Exercise description =>
Leave the pictures out and quote only the lines from the one with "Illustration of a" down to the end of the listing below.

Dataset section =>
======
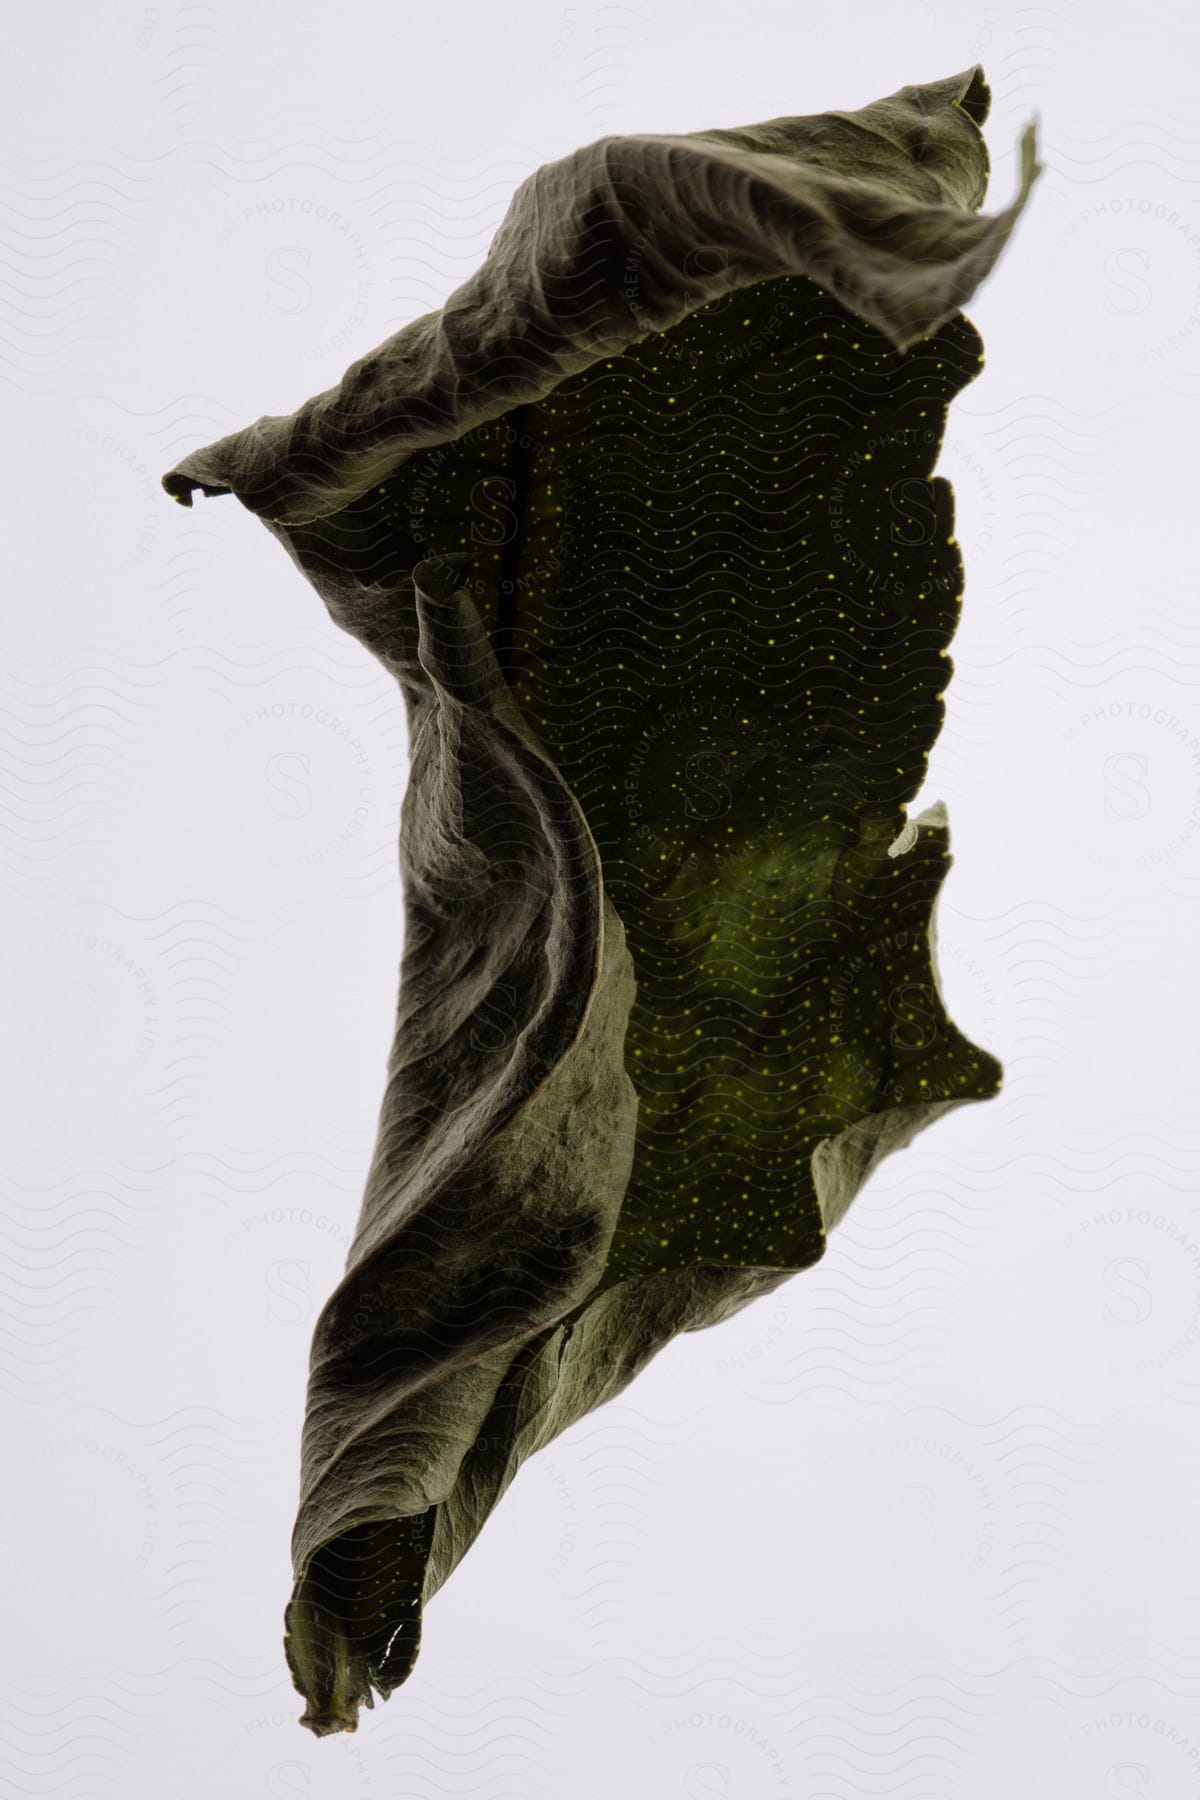 A dry herbal leaf is curling
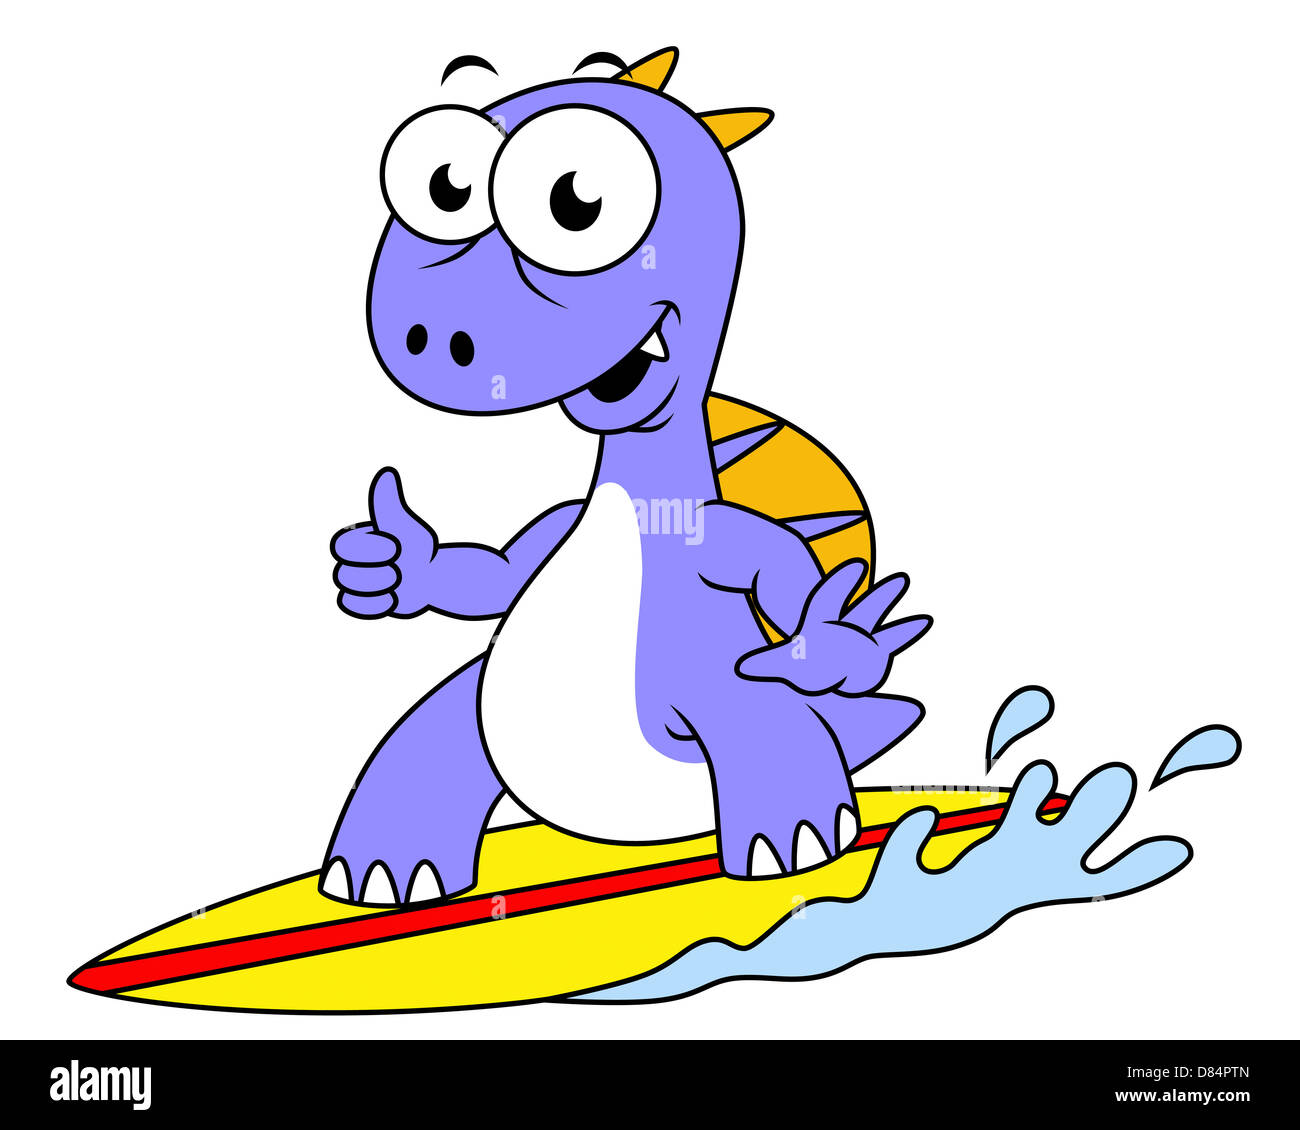 Illustration of a surfing Spinosaurus. Stock Photo
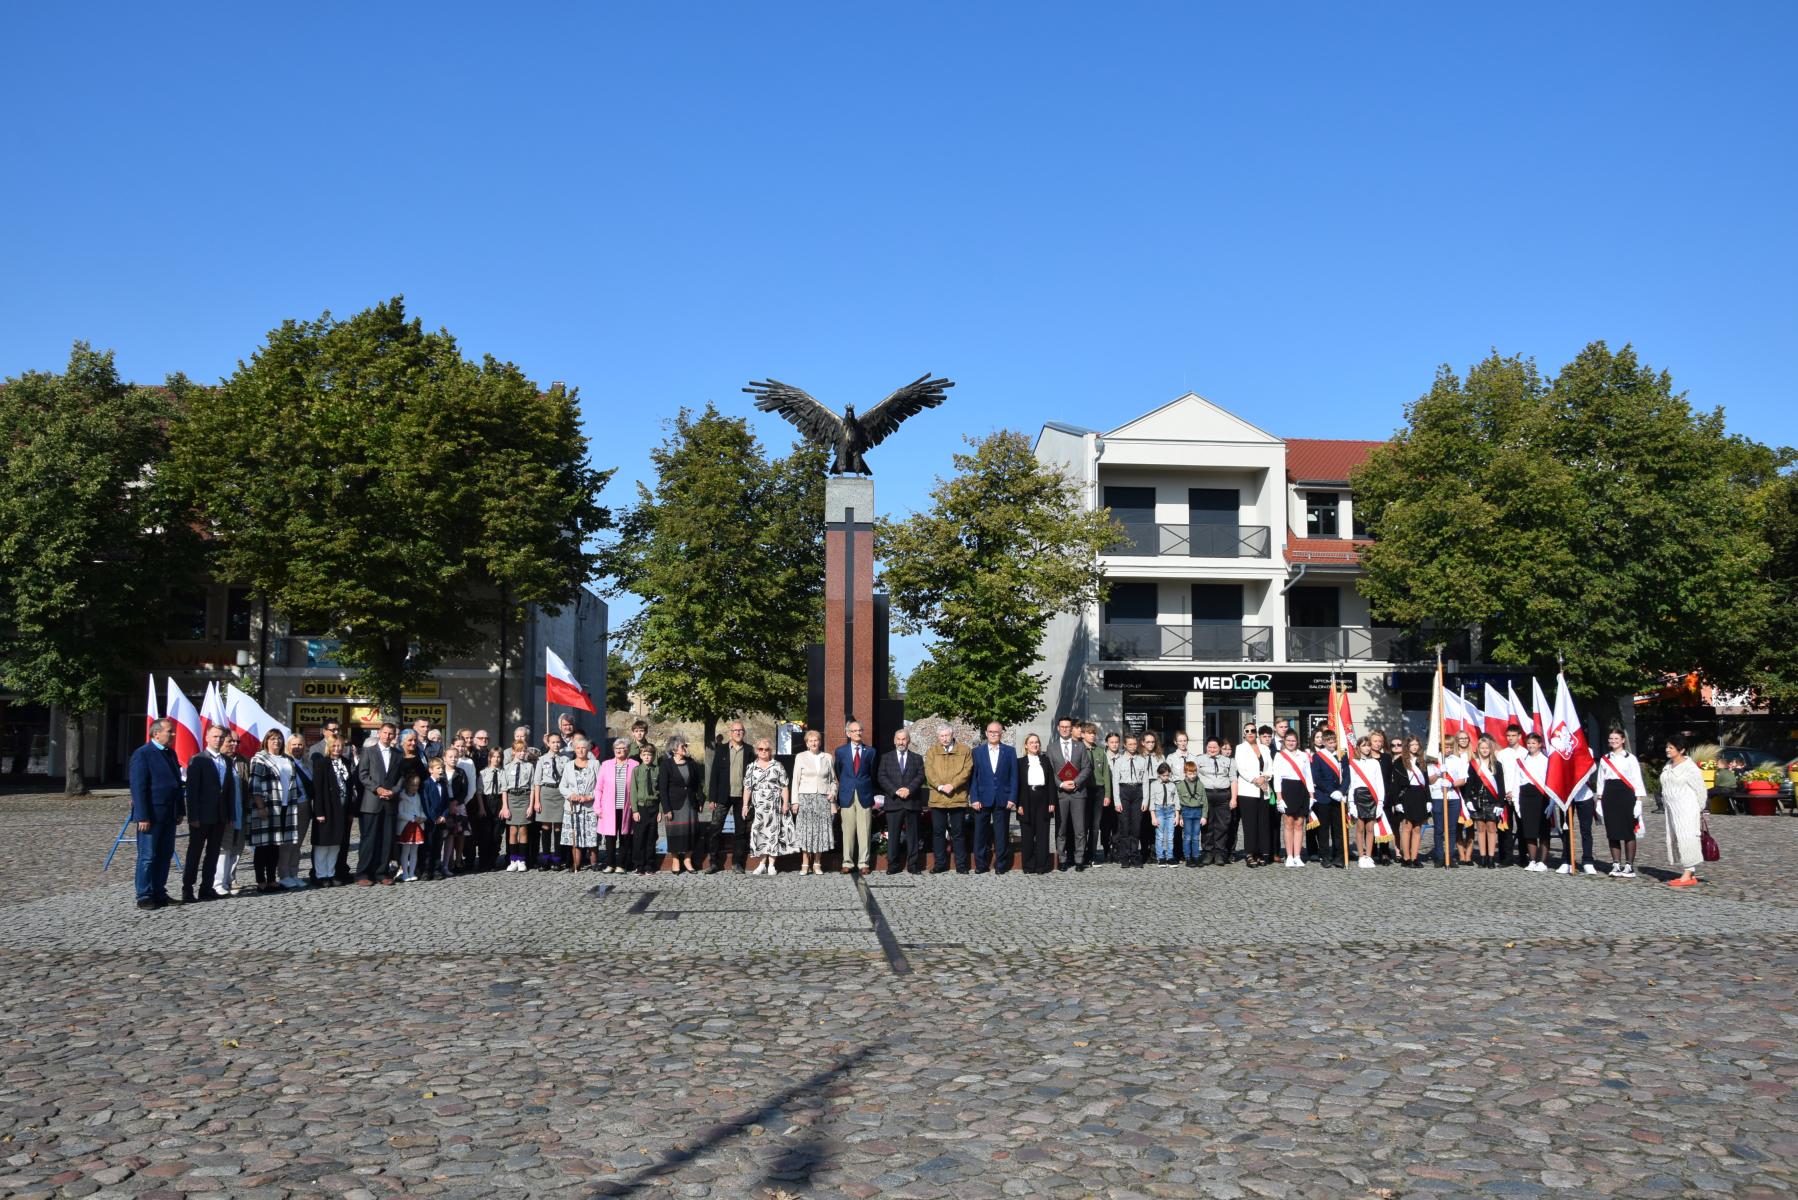 Powiększ zdjęcie. Duża grupa ludzi stoi, w tle pomnik Orła Białego, kamienica, drzewa, niebieskie niebo
======
Answer below =>
 Illustration of a surfing Spinosaurus. Stock Photo
 Powiększ zdjęcie. Duża grupa ludzi stoi, w tle pomnik Orła Białego, kamienica, drzewa, niebieskie niebo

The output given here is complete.